Thursday, March 30, 2006

Reaction to the news: Olmert, Taylor, and Livingstone

I don't have the time to comment properly on these stories right now, but they're all worth following. All links are to The Washington Post:

-- Ehud Olmert's Kadima Party (founded by Ariel Sharon) won the most Knesset seats in Tuesday's Israeli elections (28 of 120). Israel uses a List-PR (proportional representation) electoral system, with seats apportioned according to the popular vote. Olmert will now look to build a governing coalition, likely with Amir Peretz's Labour Party. (For more, see here.)

-- Former Liberian President Charles Taylor has been arrested in Nigeria.
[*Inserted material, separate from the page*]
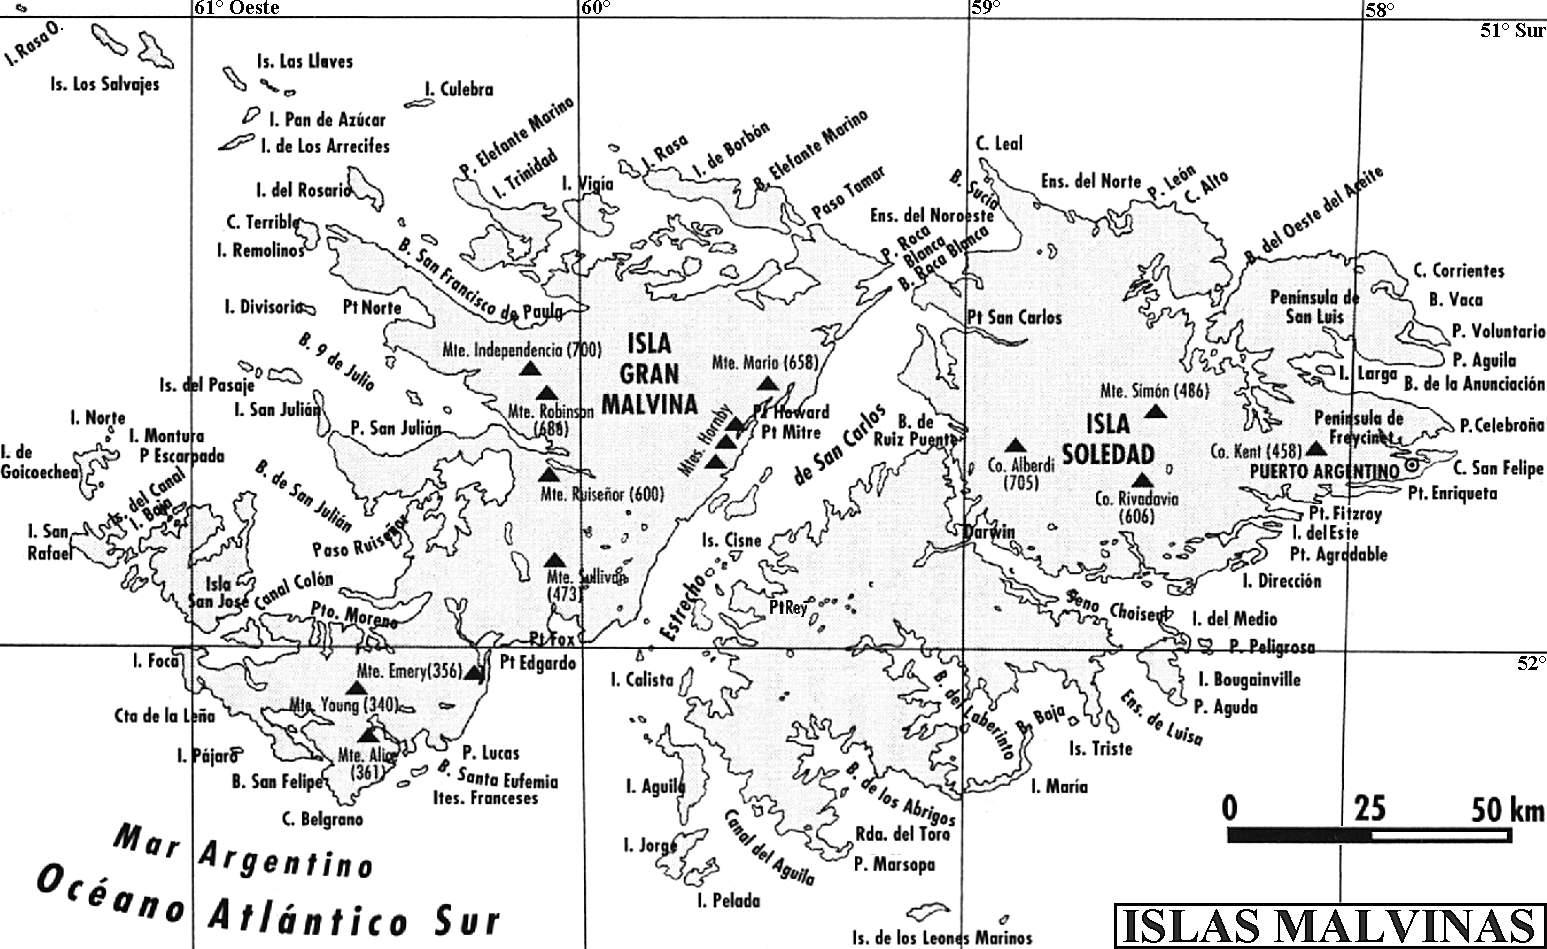 2009 mayo  PARA JEFATURAS REGIONALES Y DISTRITALES

He was trying to leave the country after President Olusegun Obasanjo agreed to hand him over to international authorities: "So ended, for now anyway, the political career of one of the most-wanted men in the world, a charismatic warlord-turned-president-turned-fugitive who finished the day in the custody of a U.N.-backed tribunal that has indicted him on 11 counts of war crimes and crimes against humanity for his long reign of terror across this fragile region." (For more, see here.)

-- On a lighter note, London Mayor Ken Livingstone called U.S. Ambassador Robert Holmes Tuttle "a chiselling little crook" and a "car salesman" on Monday. It's all about traffic congestion fees. (For more, see here.)